Parfois, policiers et mobiles interviennent pour faire sauter les piquets de grève. Parfois, ils restent l’arme au pied. En fonction de
quoi ? Les chefs d’entreprise, les syndicats eux-mêmes, n’y retrouvent pas toujours leurs petits. Alors, qu’est-ce qui fait bouger l’Etat
dans les conflits sociaux ? Tentative de réponse.
Jeudi 4 octobre au matin, la police déloge le piquet de grève USTKE qui bloque depuis un mois la société Entreprises Constructions
Traditionnelles à Numbo. Samedi matin 6 octobre, c’est à Presto Pizza, au 7e kilomètre à Nouméa, que les forces de l’ordre font
déguerpir les grévistes de l’Usoenc. Point commun à ces deux interventions : l’Etat a fait l’impasse sur un usage si bien établi qu’il
semblait être devenu une règle d’or : « pas d’usage de la force dans les conflits sociaux tant que toute la place n’ait été donnée au
dialogue ». Une pratique maintes fois décriée par les chefs d’entreprise. A leurs yeux, c’est à cause d’elle que le blocage a remplacé la
grève légale comme moyen ordinaire de revendication.
Rupture ou petit ménage ?
Alors pourquoi ? Certes, dans les deux cas, les conflits duraient depuis plus d’un mois. Mais les patrons concernés refusaient
catégoriquement le dialogue. Et pendant ce temps, le pays a continué à vivre sans béton, à cause d’une grève bloquante autrement
plus pénalisante pour l’économie que pour l’unique cimentier. Pourtant, on se parle chez Holcim. Du coup, les « partenaires sociaux »

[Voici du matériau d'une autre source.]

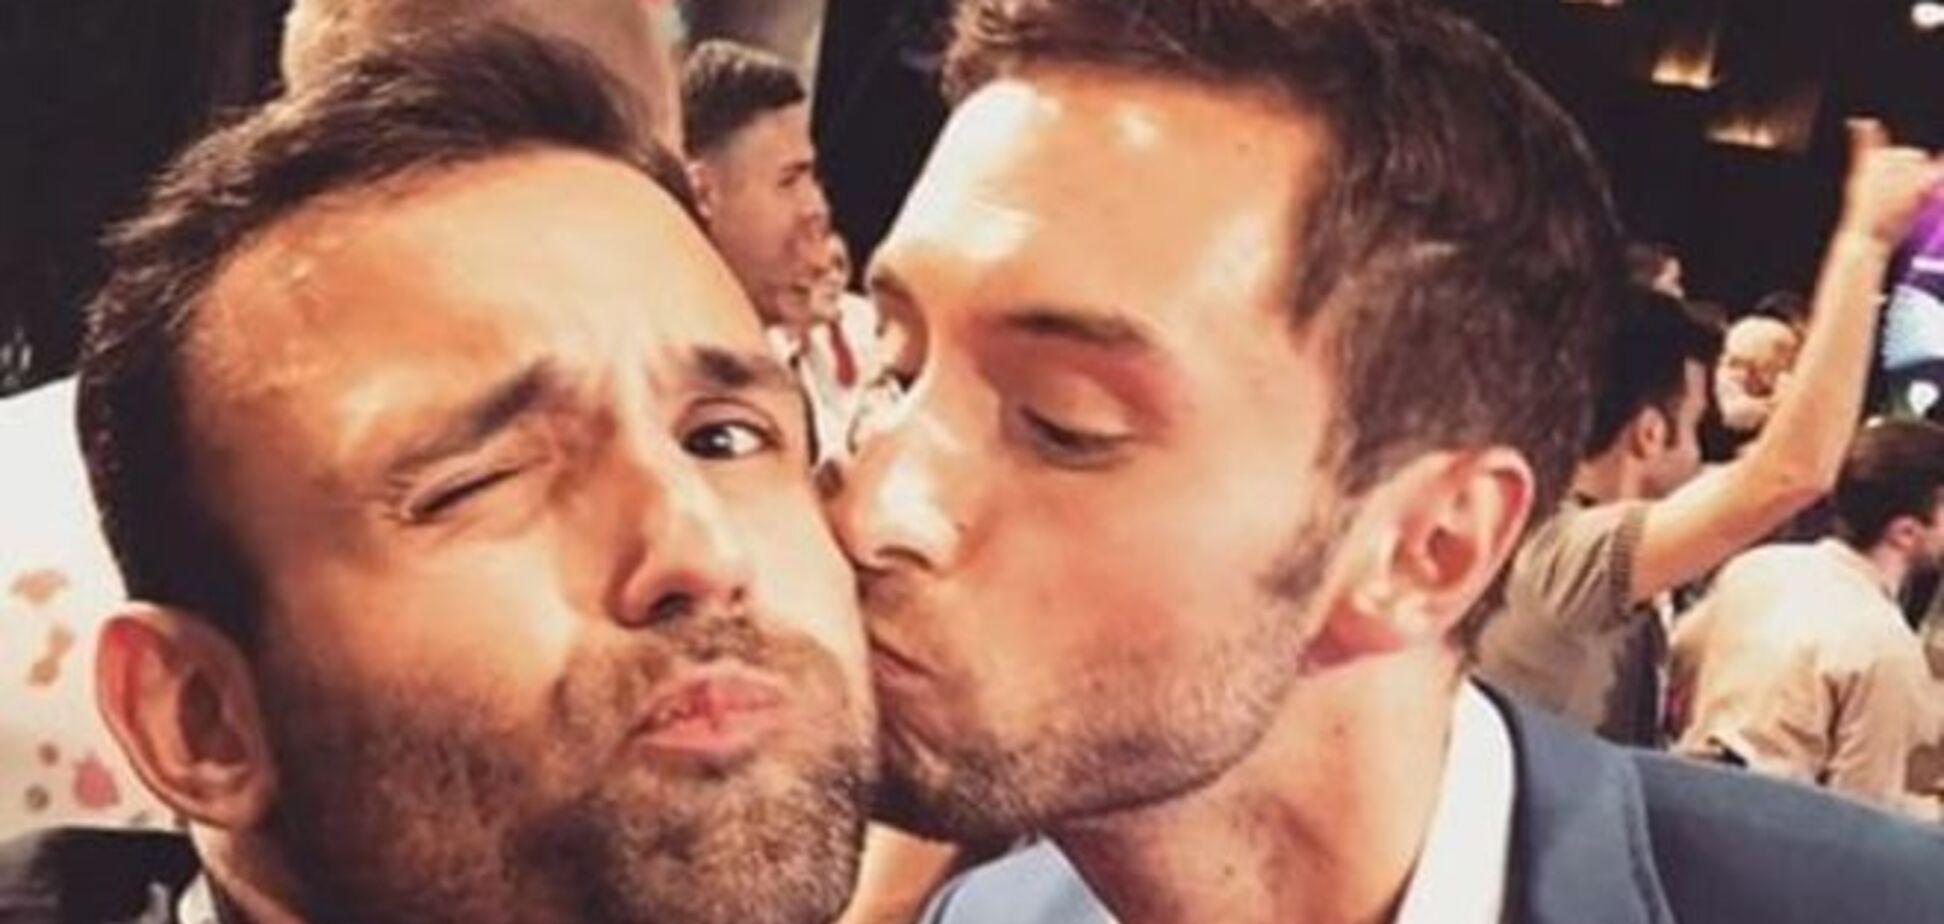 Скривджені РосЗМІ розкопали гей-фото переможця 'Євробачення-2015'

ne savent plus très bien à quel saint se vouer. Qu’est-ce qui fait bouger l’Etat ? Qu’est-ce qui le pousse à lever certains piquets de
grève illégaux, qu’est-ce qui le motive à s’abstenir ou à jouer la montre face à d’autres ? Au lendemain des interventions à ECT et à
Presto Pizza, certains ont évoqué la « rupture » selon Sarkozy : le retour à la fermeté face aux illégalités. D’autres songent plus
prosaïquement au grand ménage préparant l’arrivée de M. Estrosi.
Conséquences d’une action armée
D’autres relèvent l’équilibre de la répression. Après être intervenu face à l’USTKE (ECT), l’Etat se devait d’agir face à l’Usoenc (Presto
Pizza) pour calmer la colère de Gérard Jodar qui promet un accueil en fanfare au secrétaire d’Etat à l’Outre-Mer. A l’USTKE, on
accuse les deux députés locaux et le gouvernement calédonien d’avoir multiplié les pressions. A l’Usoenc, on se fait philosophe en
affirmant que la charge de samedi a permis aux troupes de prendre un week-end de repos . « Le conflit de Presto Pizza reprendra de
plus belle en temps voulu ». La réalité, c’est sans doute que rien n’a vraiment changé du côté du haussariat. Une règle semble primer
sur toutes les autres : on intervient pour soulager la pression quand elle se fait critique. Mais sans jamais perdre de vue que dans ce
pays où l’on était il y a 20 ans au bord de la guerre civile; où l’on lançait il y a cinq ans de la dynamite sur les gendarmes ; où deux
d’entre eux se retrouvaient ligotés au sommet d’un godet de tractopelle, on ne peut jamais anticiper toutes les conséquences d’une
action de force.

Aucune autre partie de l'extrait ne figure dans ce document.